Voice Interaction Modes

Project Overview
py-xiaozhi is a Python-based AI voice assistant client built with a modern asynchronous architecture, supporting rich multimodal interaction features. The system integrates speech recognition, natural language processing, visual recognition, IoT device control, and other advanced technologies to deliver an intelligent interactive experience.
Core Features
- Multi-protocol Support: WebSocket/MQTT dual-protocol communication
- MCP Tool Ecosystem: Integrated 10+ specialized tool modules
- IoT Device Integration: Thing-based architecture for device management
- Visual Recognition: GLM-4V-based multimodal understanding
- Audio Processing: Opus encoding + WebRTC enhancement
- Global Shortcuts: System-level interaction control
Voice Interaction Modes
The system provides multiple voice interaction methods with flexible control and intelligent voice detection:
1. Manual Press Mode
- How to use: Hold the shortcut key to record, release to auto-send
- Default shortcut:
Ctrl+J(configurable) - Use cases: Precise control over recording duration, avoiding ambient noise interference
- Advantages:
- Prevents accidental recording triggers
- Full control over recording duration
- Suitable for noisy environments
2. Turn-Based Conversation Mode (AUTO_STOP)

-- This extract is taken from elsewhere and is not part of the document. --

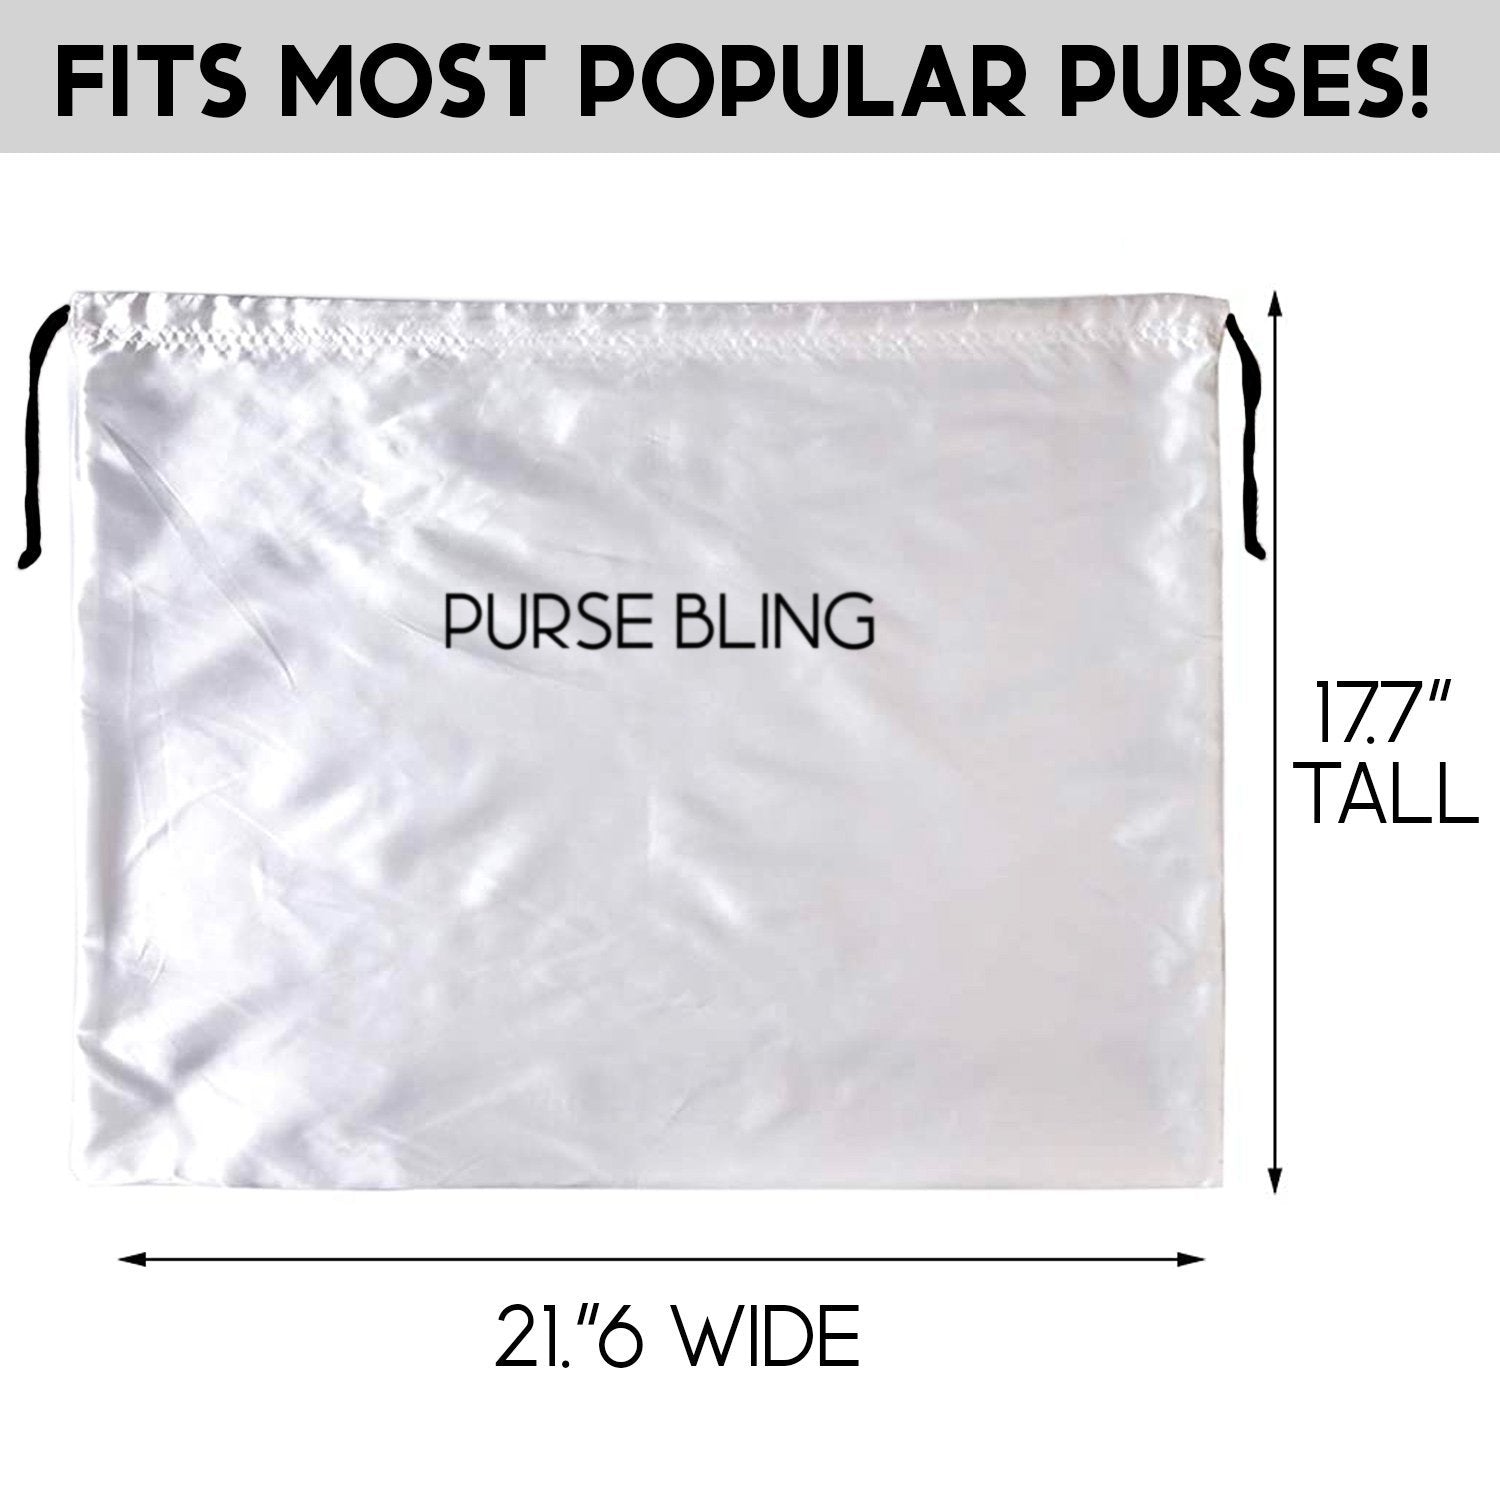 12 Pcs Silk Purse Organizer Dust Cover Drawstring Bags Shoe Bag for Travel  Satin Dust Bags for Purses Handbags Shoes Boots,White(19.6 * 15.7 in)

- How to use: Press the shortcut key / click the manual conversation mode toggle in the bottom-right of the GUI to switch to auto-conversation
- Default shortcut:
Ctrl+K(configurable) - Use cases: Quiet environments, traditional conversational interaction, when AEC is disabled
- How it works:
- User speaks → AI replies → User speaks again
- Each conversation turn waits for the AI to finish replying
- Prevents echo and both sides speaking simultaneously
- System automatically disables microphone input while the AI is speaking
- Technical features:
- Default mode when AEC is disabled
- Suitable for unidirectional audio devices or environments with echo issues
- More stable conversation experience, avoiding audio conflicts
3. Real-Time Conversation Mode (REALTIME)
- How to use: Automatically activated when AEC echo cancellation is enabled
- Configuration requirement:
"AEC_OPTIONS.ENABLED": true - Use cases: Natural conversation, bidirectional interaction, complex environments, scenarios requiring the ability to interrupt the AI
- Note: Requires audio devices with built-in AEC; the built-in AEC is currently non-functional
4. Wake Word Mode
- How to use: Speak the preset wake word to activate the system
- Default wake words: "小智", "小美" (customizable in configuration)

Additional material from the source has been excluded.